Robot-assisted prostate surgery may be a profit-sink for hospitals, according to a new study set to be published in the July issue of the journal Urology.
Researchers looking at direct and indirect costs of robot-assisted prostatectomy compared with standard open surgery concluded that providers lost nearly $5,300 per patient on average when opting for the higher-tech procedure, results which market leader Intuitive Surgical (NSDQ:ISRG) views as problematic.
"They don’t have any clinical outcomes in there," Intuitive Surgical chief medical advisor Myriam Curet told MassDevice.com today.
Prior studies have suggested that complication and mortality rates are lower for procedures conducted with robot assistance, but no randomized studies have yet to compare open surgery and robot-assisted prostatectomy directly. In a health care environment ruled by pricing pressures and cost concerns, health providers are eager to ensure that they’re getting the most bang for their buck in terms of new technology.
Robot-assisted surgery has become the preferred means of prostatectomy during the last decade, but the data demonstrating a conclusive benefit to the high-tech option is limited, researchers warned.
"Nearly 240,000 new cases of prostate cancer are diagnosed annually, and radical prostatectomy is the most common treatment," Nelson said. "It is reasonable to question whether the increased costs of this robotic-assisted approach are justified."
"It’s really about cost-effectiveness, not just about acquisition costs," Curet told us. "If you look at the entirely of costs, including recovery and everything like that, we bring value there."
"When you have a 3-fold increase in mortality in an open procedure compared to robotic, I think that’s a pretty powerful argument about bringing benefits to a patient, and that needs to be considered in the cost-analysis," she added.
The study authors looked at 473 real prostatectomies, 115 with the robot and 338 without, which took place at the University of Pittsburgh School of Medicine Shadyside hospital between July 2009 and October 2010, according to a press release.

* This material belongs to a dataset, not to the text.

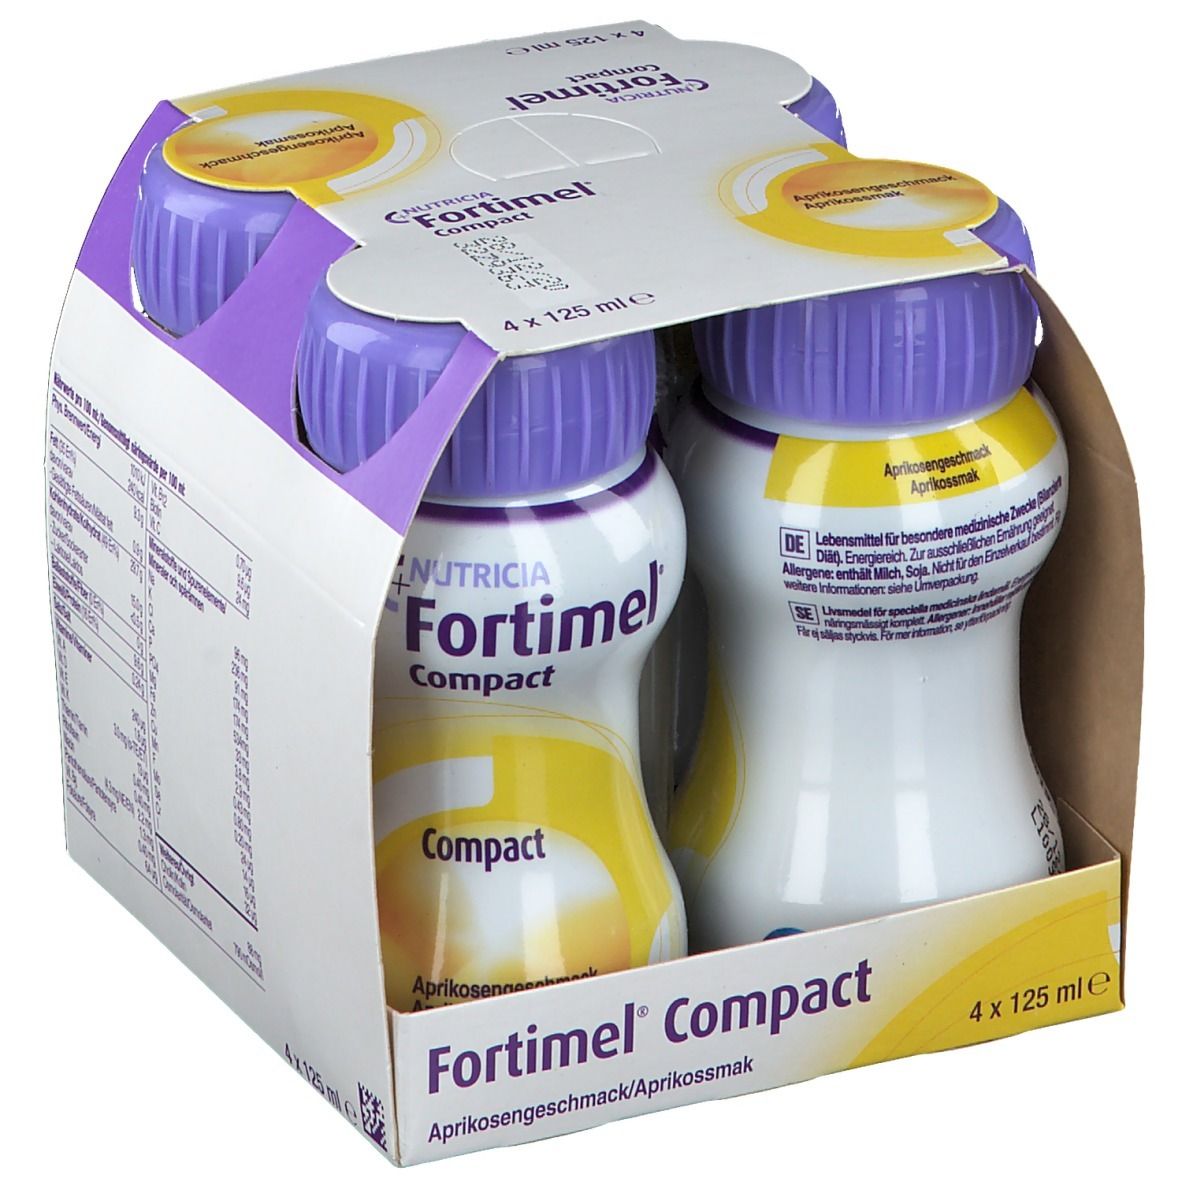  Fortimel® Compact 2.4 Trinknahrung Aprikose

The study found that the hospital lost more than $4,000 per patient when conducting prostatectomy with robot-assistance, but payments exceeded costs by more than $1,300 for the standard approach. Insurers and Medicare programs pay out the same amount for both standard and robot-assisted prostatectomy, so any differences in cost must either be reflected in the hospital’s fee or its loss.
"Our study suggests that our society may be paying too high a price for what has been widely perceived as a medical advance," senior study author Dr. Joel Nelson said in prepared remarks. "The value of that care for patients is of particular concern to a nation struggling to control health care costs while improving outcomes."
The researchers attributed most of the cost hike to robotic equipment and supplies, but Curet said their numbers are unusual.
"There’s not a lot of information there about how they determine these supply costs," she told us. "We know from our own internal data about how many instruments a typical prostatectomy uses and their OR supply cost suggests they’re using almost twice as many instruments as surgeons typically use."
"We’ve actually not increased our instrument prices in over 10 years," Curet added. "We are very cost-conscious and we have been very careful to hold costs steady and not increase them."